Brief — Reproduce every line of the material below, but drop the pictures.

########

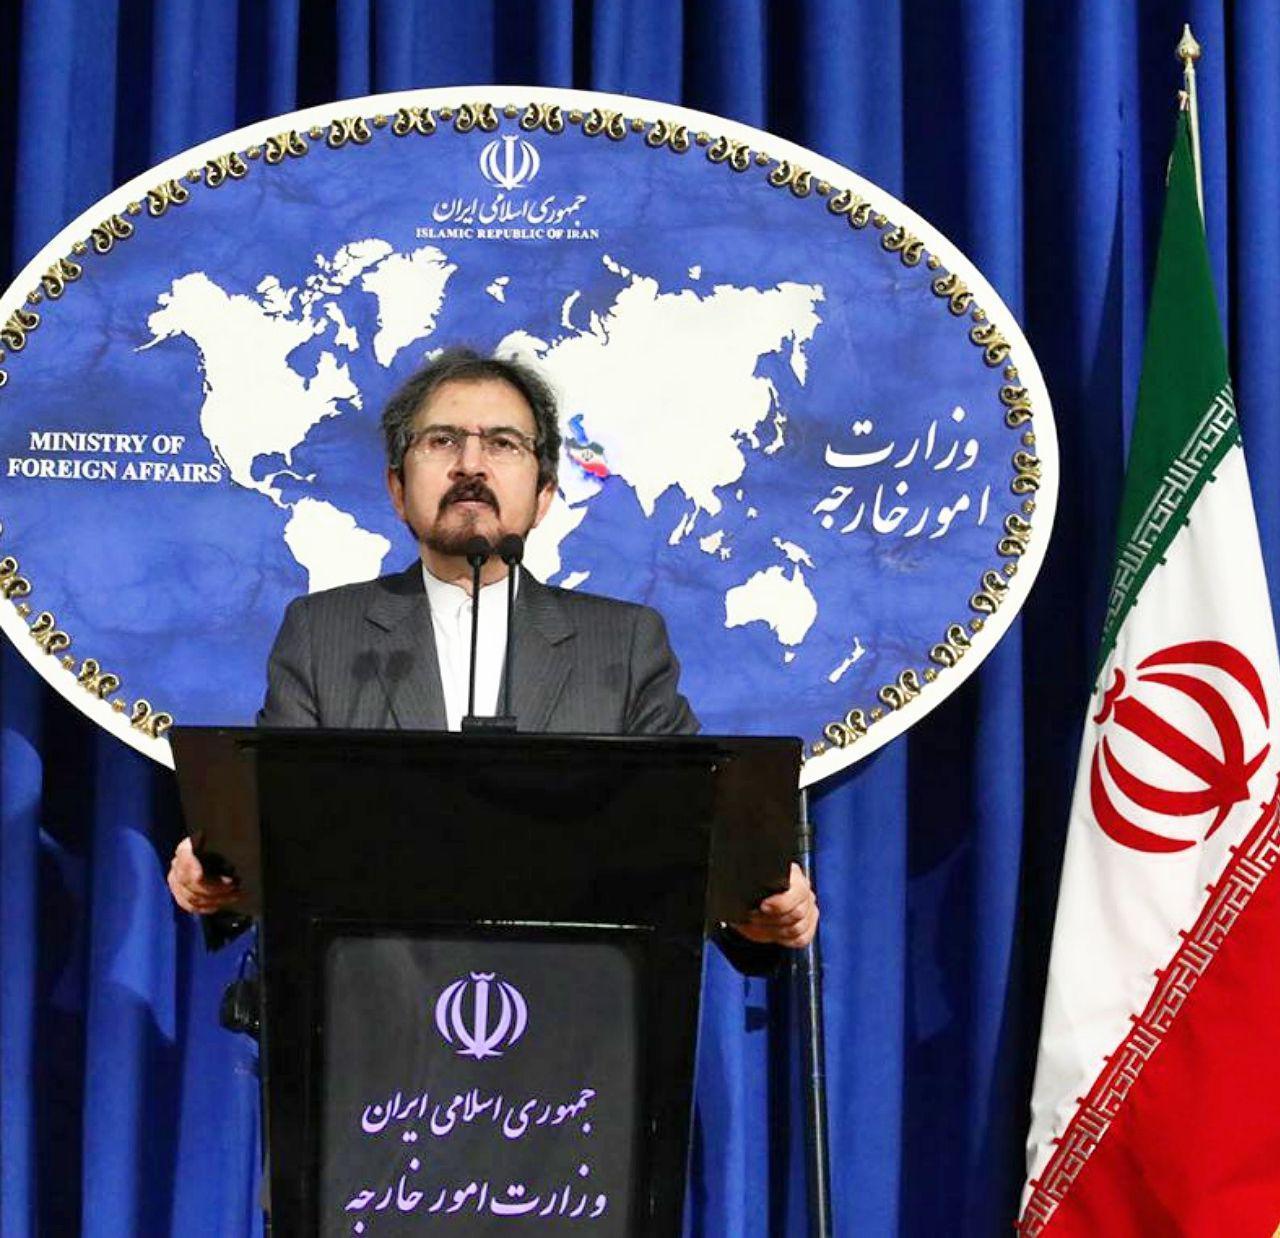 سخنگوی وزارت امور خارجه حمله تروریستی به مسجدی در کابل را محکوم کرد
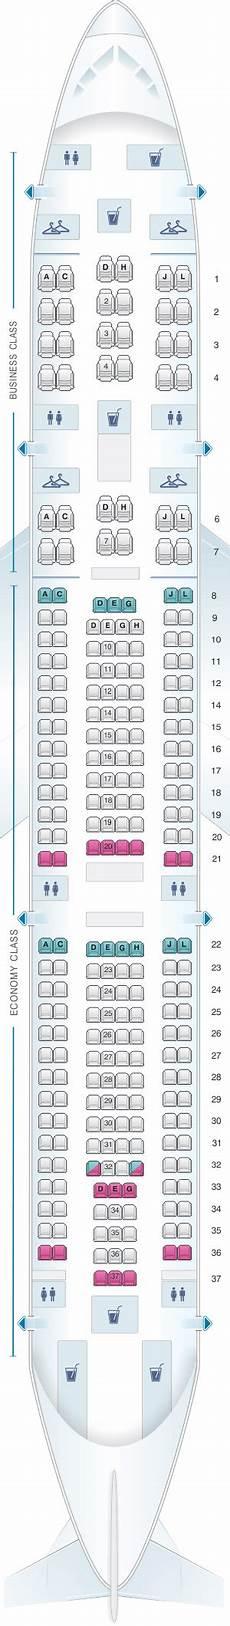 Iberia 2622 Seating Chart Iberia Airlines Seating Chart Www Microfinanceindia Org
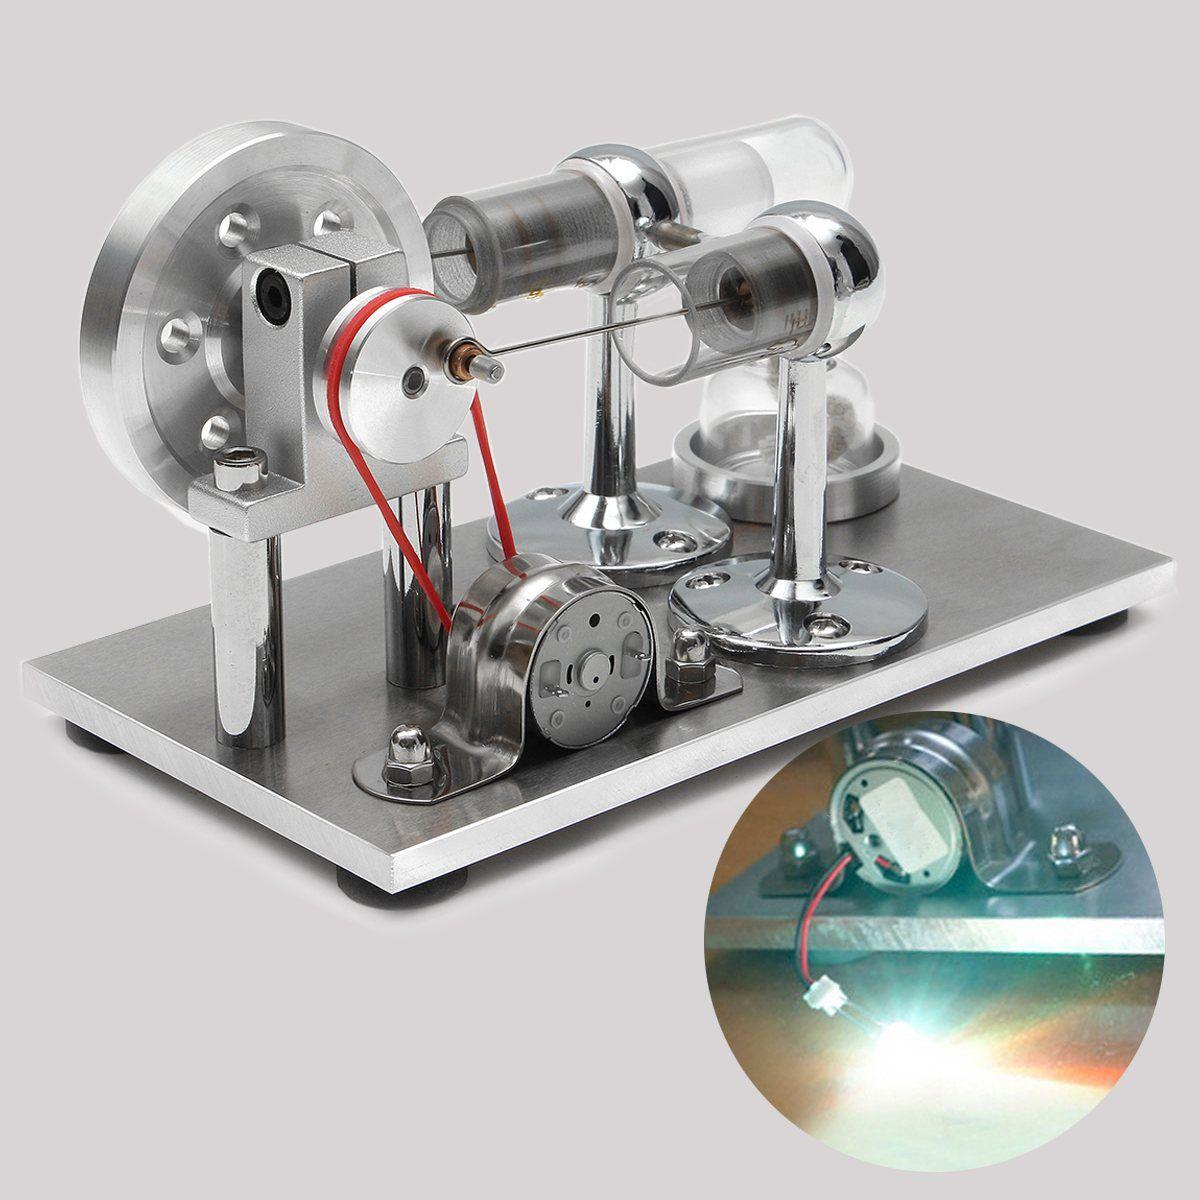 Воздушный Стирлинг Двигатели модель электричество Мощность генератор Двигатель комплект игрушка в подарок
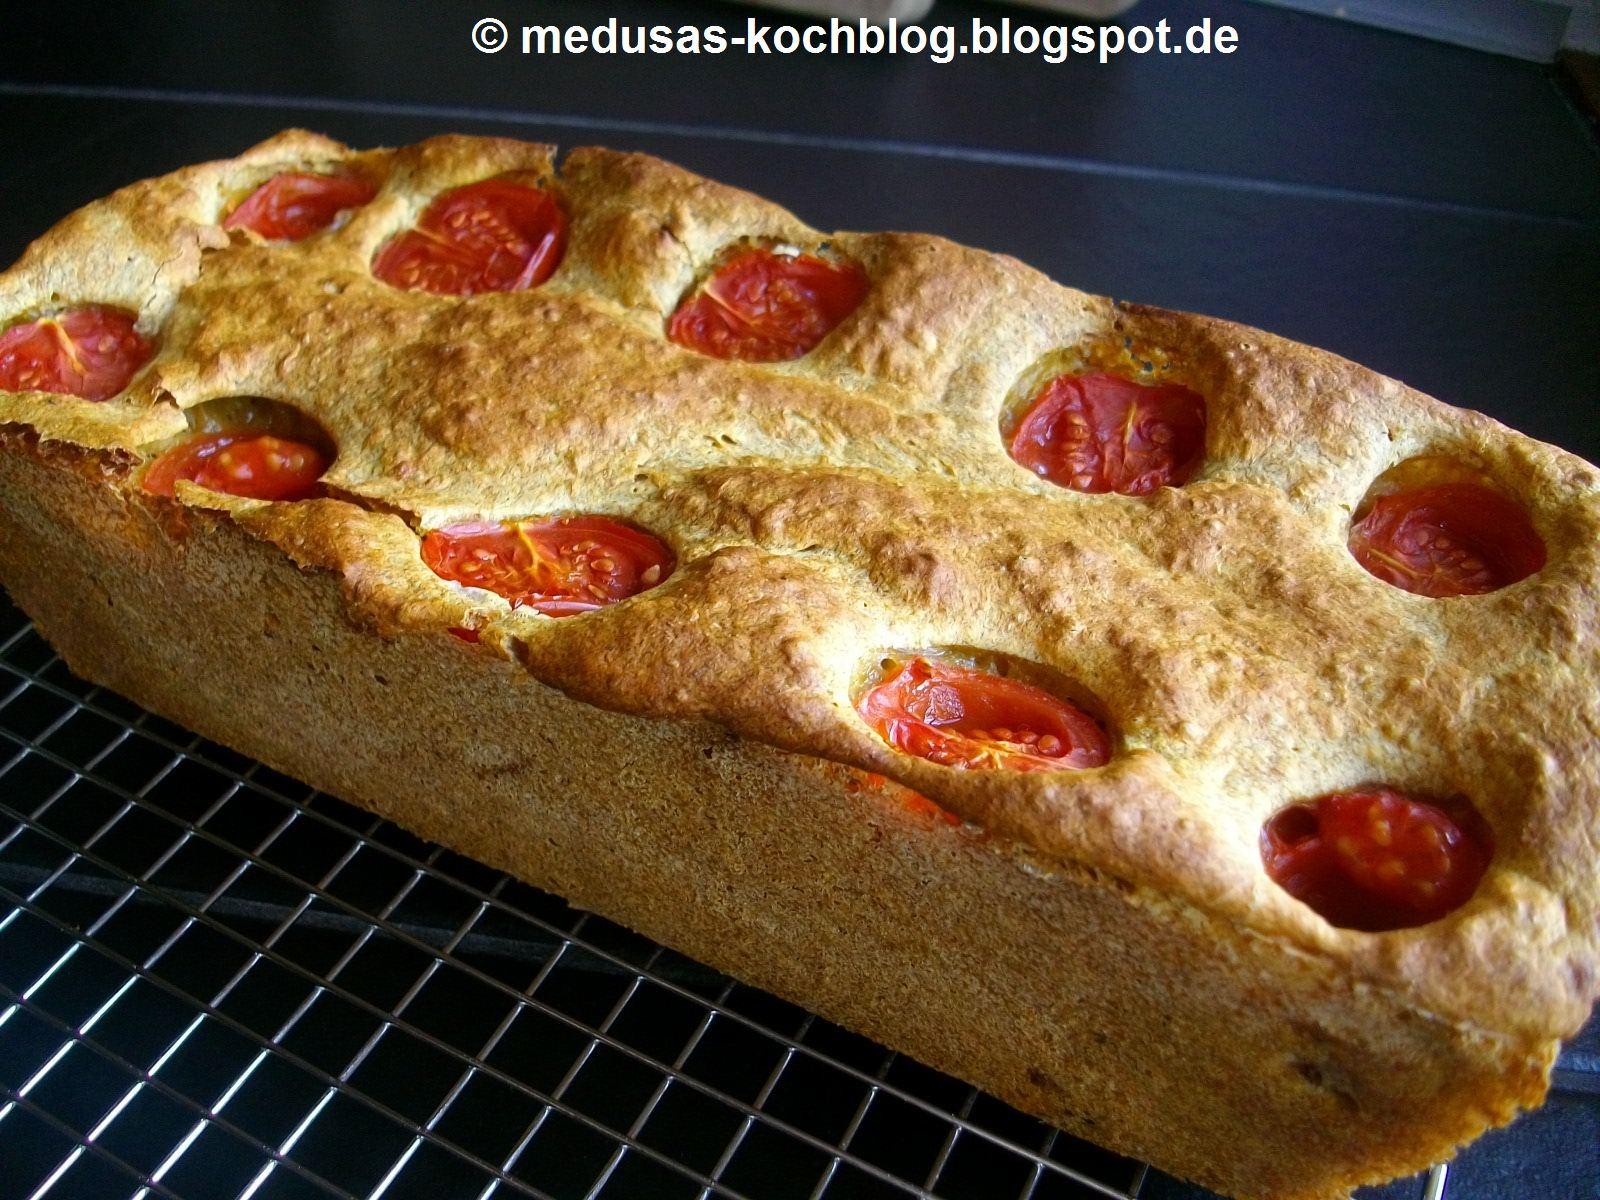 medusas kochblog currybrot mit tomaten nicht nur ein hingucker. Black Bedroom Furniture Sets. Home Design Ideas
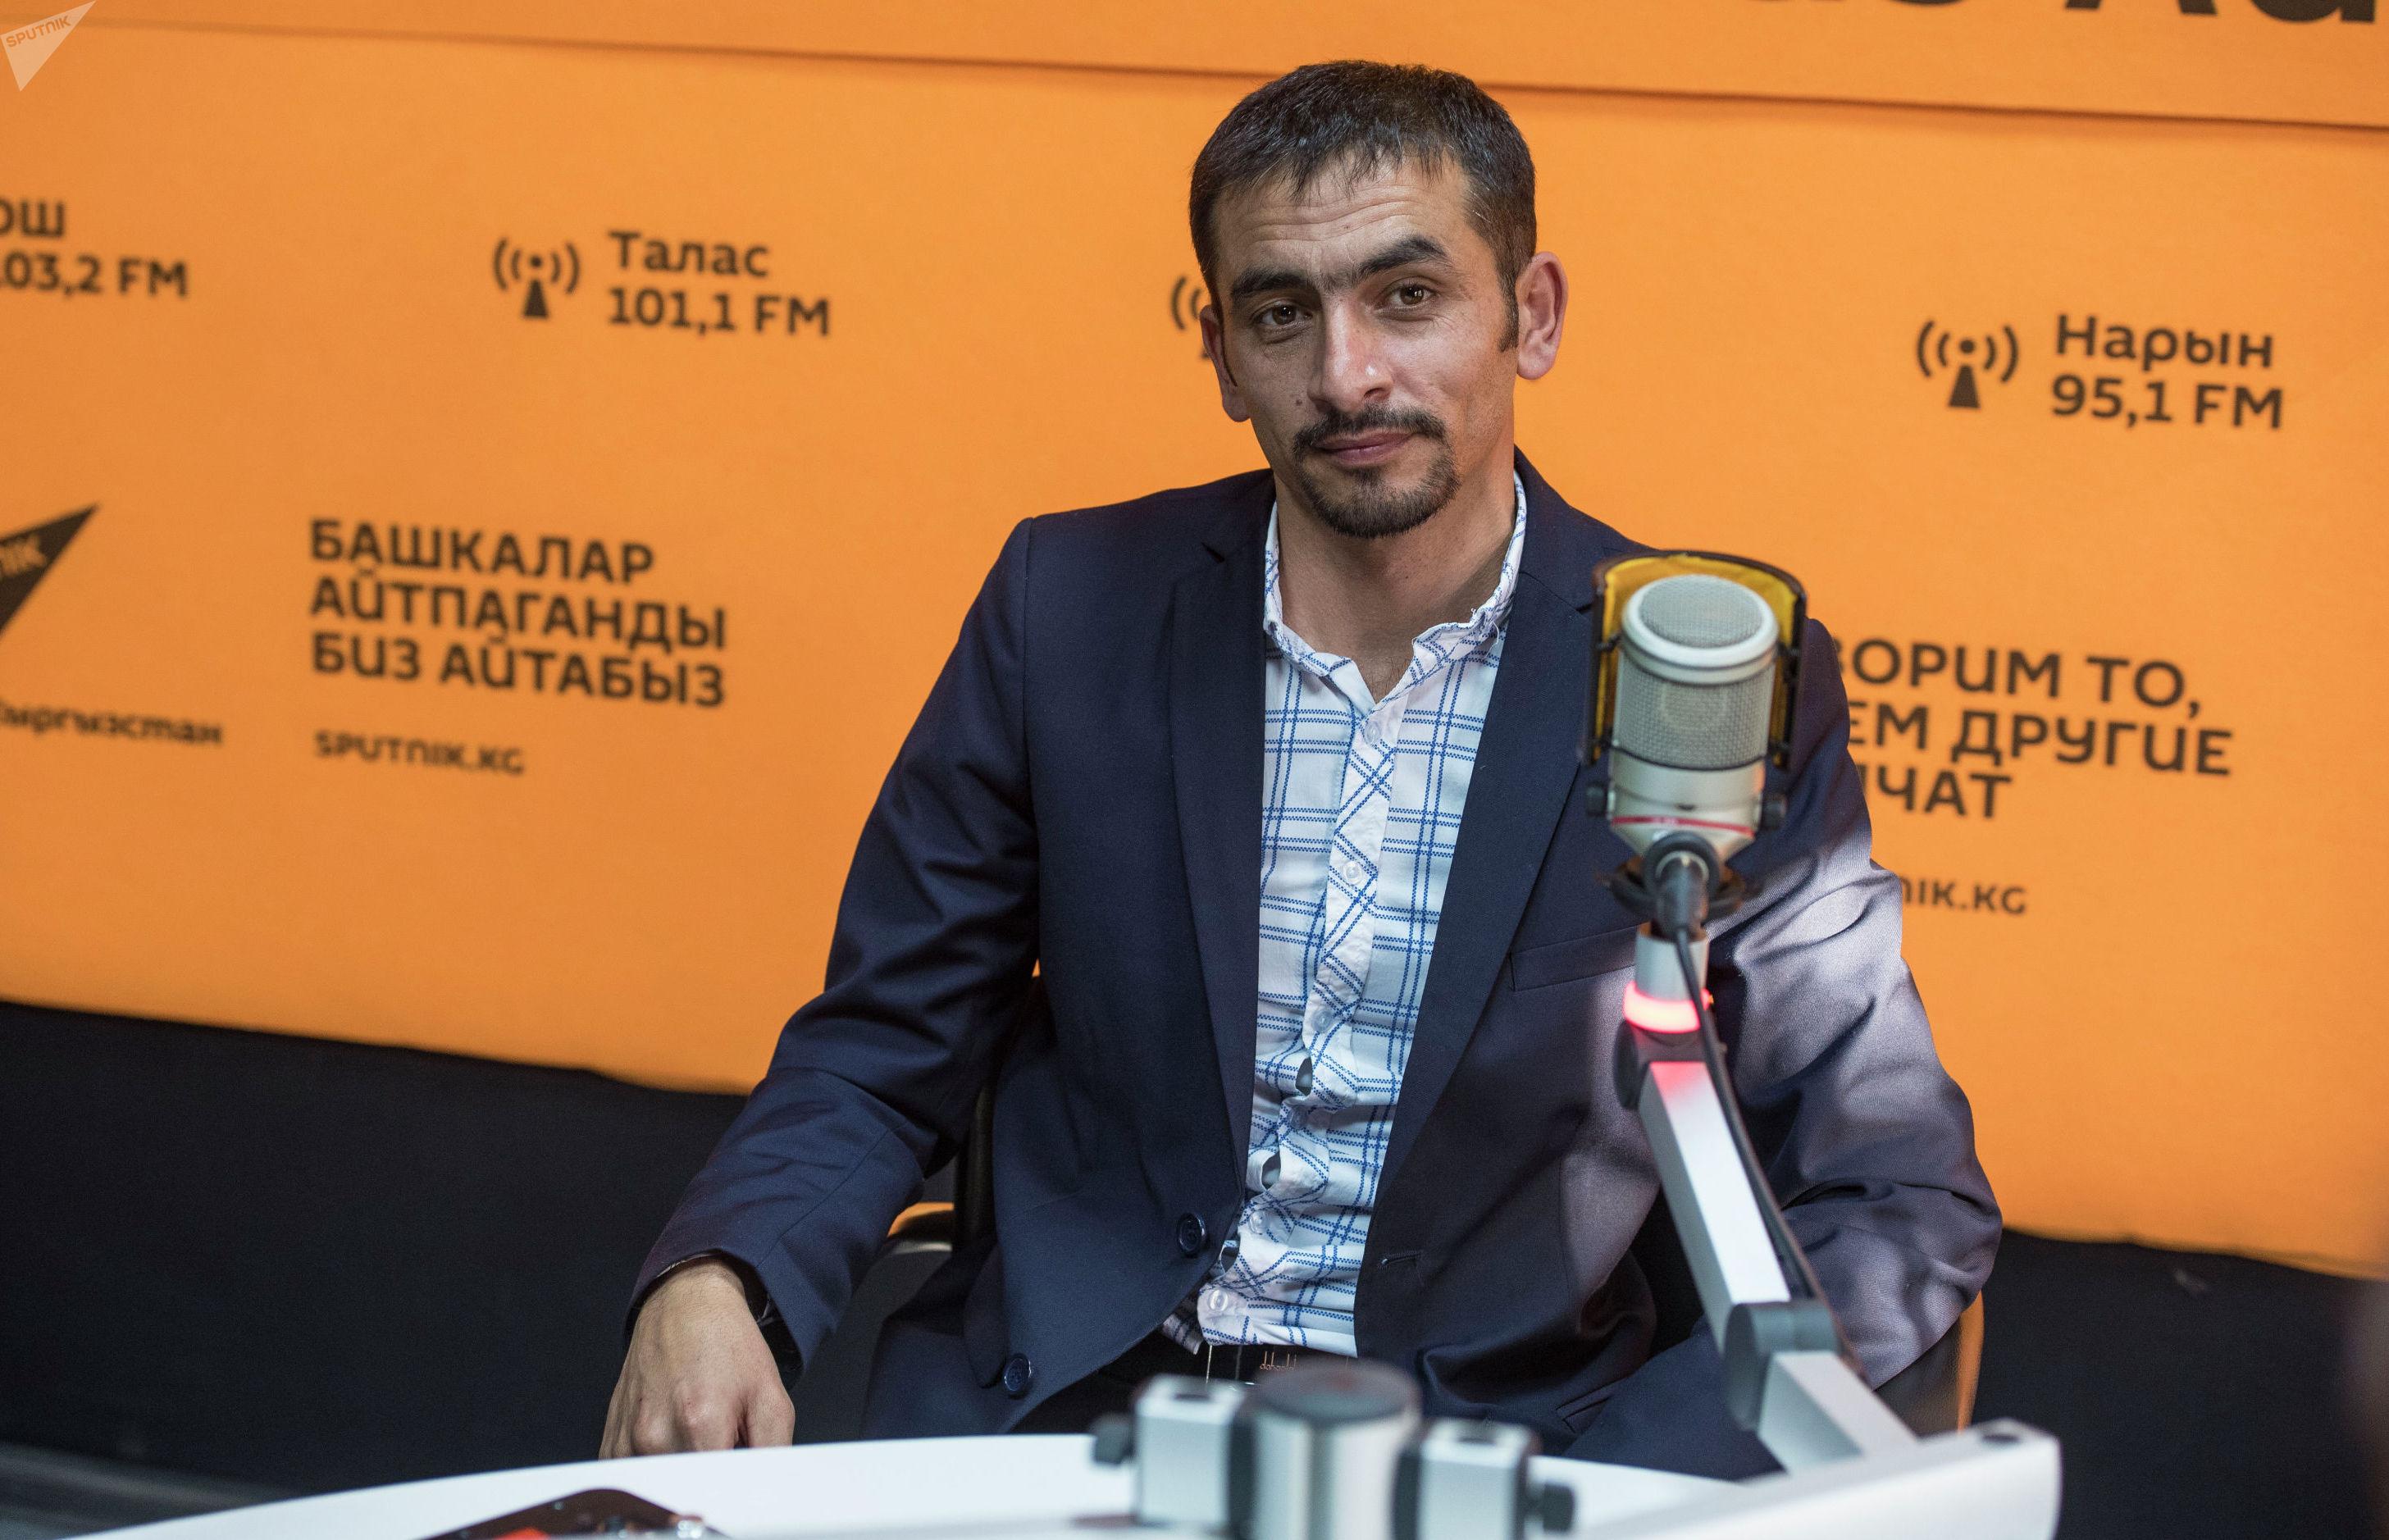 Основатель группы Добрые руки Фазиль Турсунов на радиостудии Sputnik Кыргызстан

########

Task output —
 سخنگوی وزارت امور خارجه حمله تروریستی به مسجدی در کابل را محکوم کرد
 Iberia 2622 Seating Chart Iberia Airlines Seating Chart Www Microfinanceindia Org
 Воздушный Стирлинг Двигатели модель электричество Мощность генератор Двигатель комплект игрушка в подарок
 medusas kochblog currybrot mit tomaten nicht nur ein hingucker. Black Bedroom Furniture Sets. Home Design Ideas
 Основатель группы Добрые руки Фазиль Турсунов на радиостудии Sputnik Кыргызстан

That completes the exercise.